2. Direct draw of photonic nanowires from bulk glasses
Our approach for directly drawing glass nanowires is illustrated in Fig .1. First, we use a CO2 laser or flame to heat a sapphire fiber (400–700 μm in diameter) to a temperature high enough for melting the glass, and move the glass towards the fiber. When the fiber immerses into the glass through local melting, we withdraw the glass with a portion of melt left on the fiber. We then bring a second sapphire fiber (about 400 μm in diameter) into contact with the glass-coated sapphire fiber end, reduce or remove the heating power to cool down the melt to a proper temperature (e.g. 800–1000 K for phosphate glass), and withdraw the second sapphire fiber at a speed of 0.1–1m/s to draw wires from the melt until breakage of the wire. When the process is finished, a nanowire with considerable length is formed at the freestanding side of the taper drawn wire. An argon gas atmosphere with laser heating is applied for drawing nanowires from chemically unstable materials such as fluoride glasses. This technique can also be applied to pulverized glasses, allowing for adjustments to the properties of the nanowire by tailoring the composition of the initial powder. In addition, nanowires can be drawn using extremely low starting quantities of glass (e.g. 1 mg in mass), greatly reducing the quantity of starting material required.

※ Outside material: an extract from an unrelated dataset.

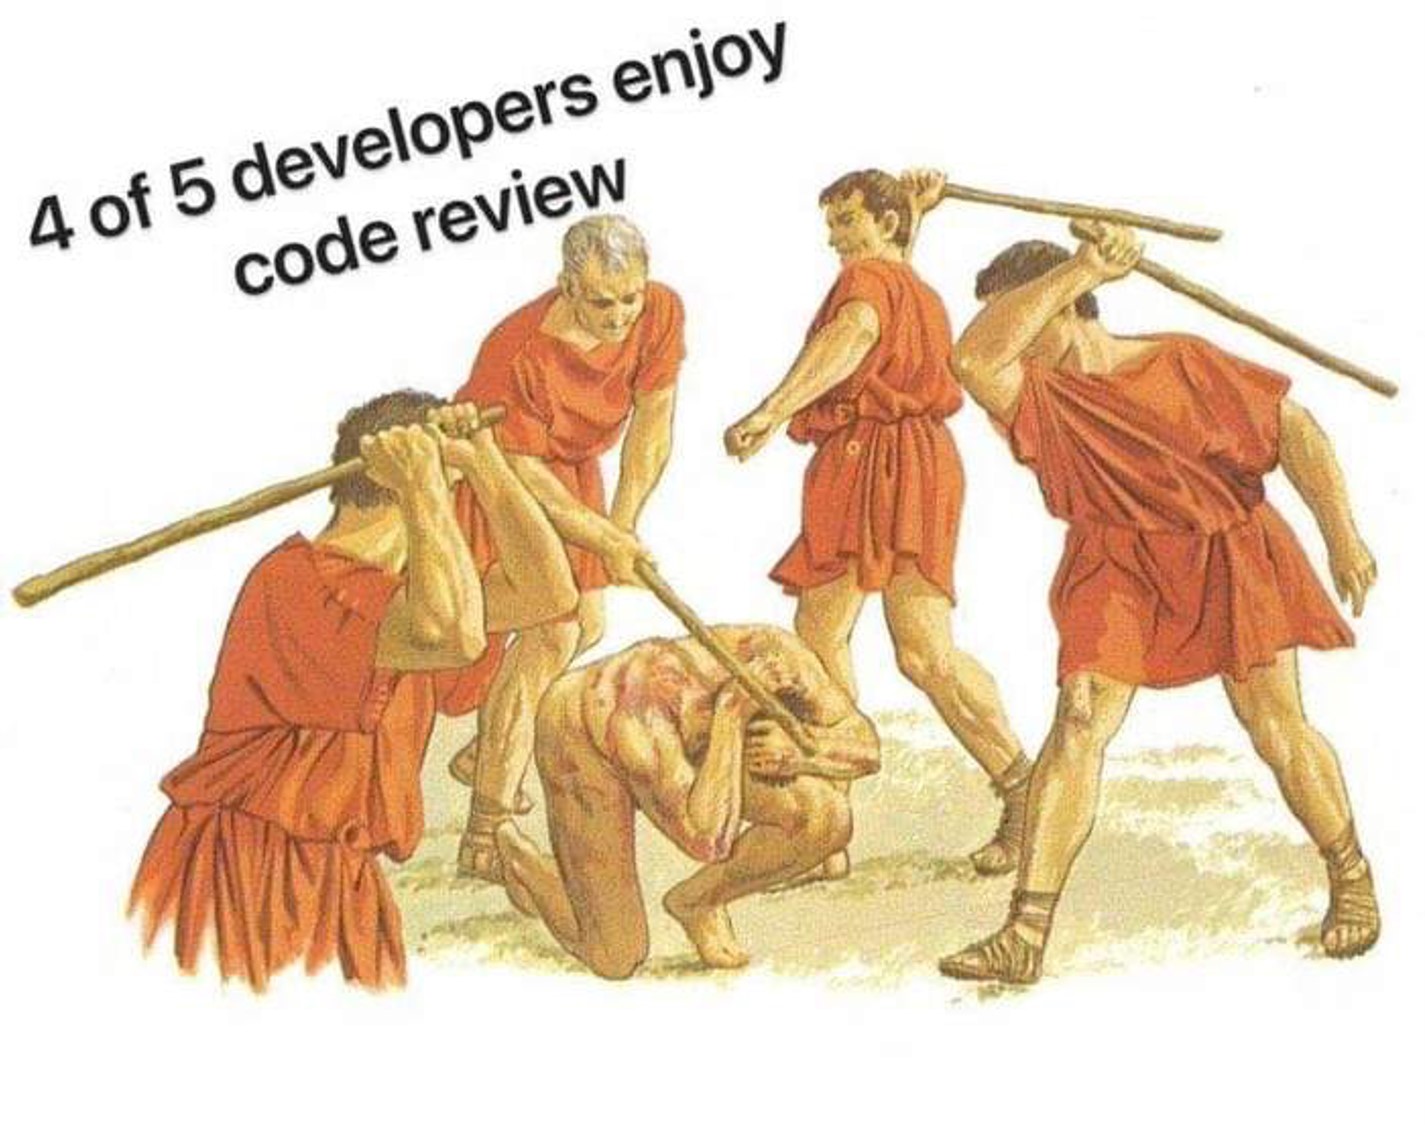 Code review — это процесс проверки кода, поиска ошибок в нем и способов их исправления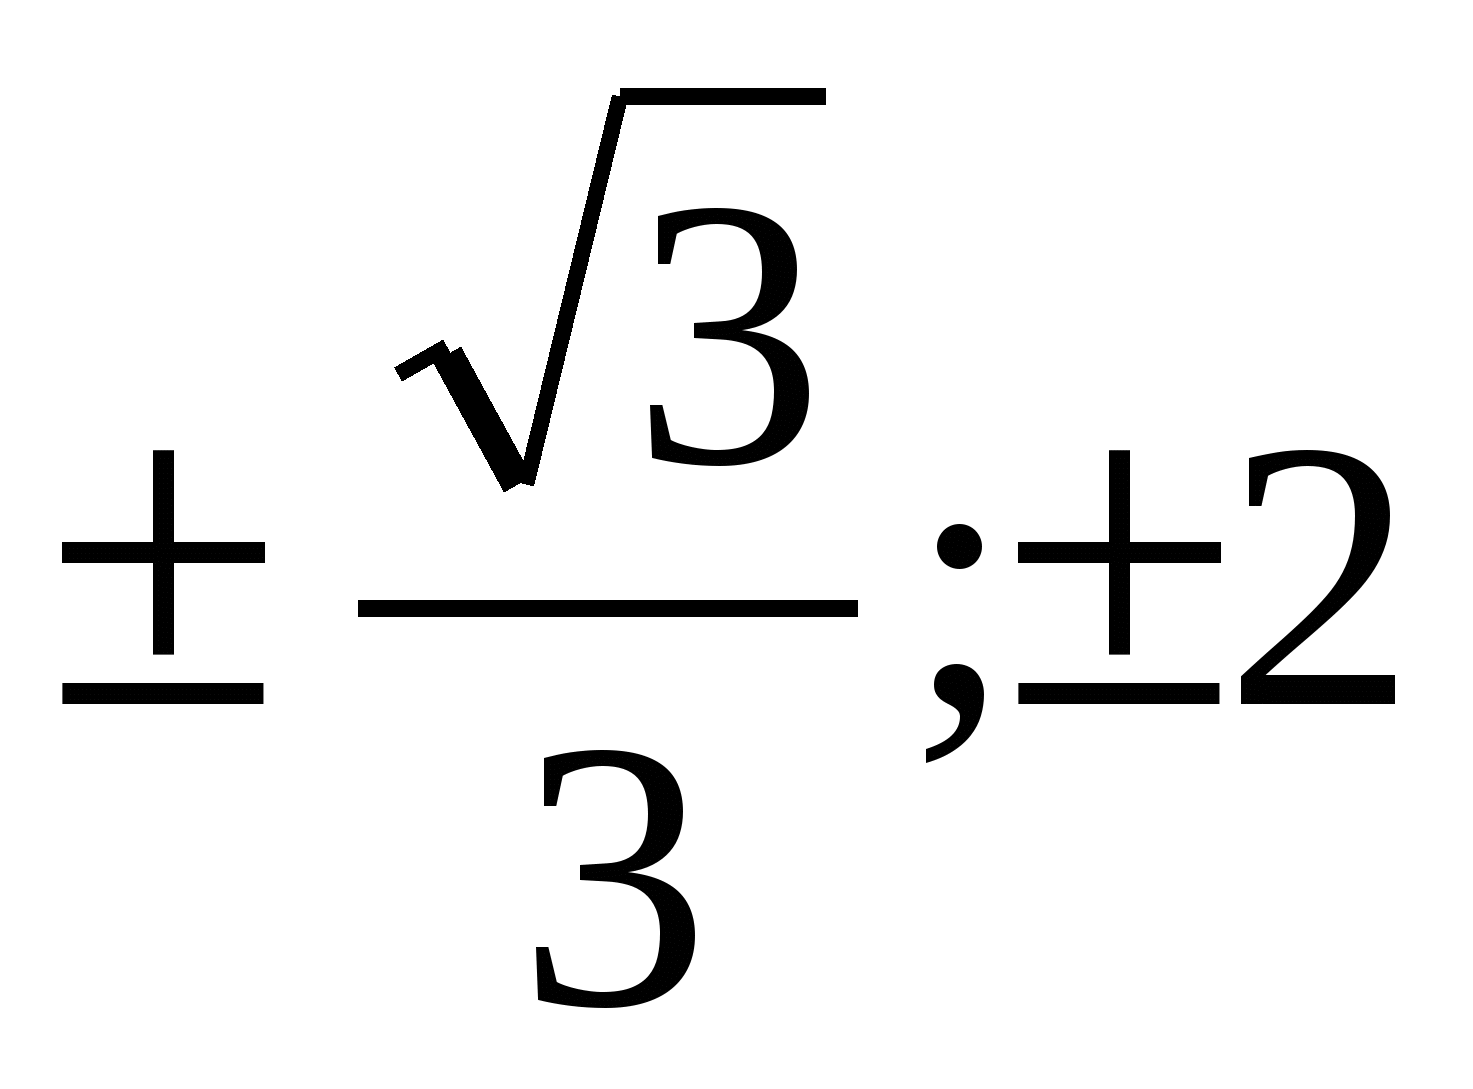 Уравнения. Практический материал к ОГЭ по математике в 9 классе.

Fig. 1. Schematic diagram illustrating the direct draw of nanowires from bulk glasses. (1) A glass is moved towards a sapphire fiber heated by a CO2 laser or flame. (2) The fiber end is immersed into the glass through local melting. (3) A portion of molten glass is left on the end of the fiber when the glass is withdrawn. (4) A second sapphire fiber is brought into contact with the molten-glass-coated end of the first sapphire fiber. (5) The heating power is reduced and the second sapphire fiber is withdrawn. (6) A nanowire is formed at the freestanding side of the taper drawn wire.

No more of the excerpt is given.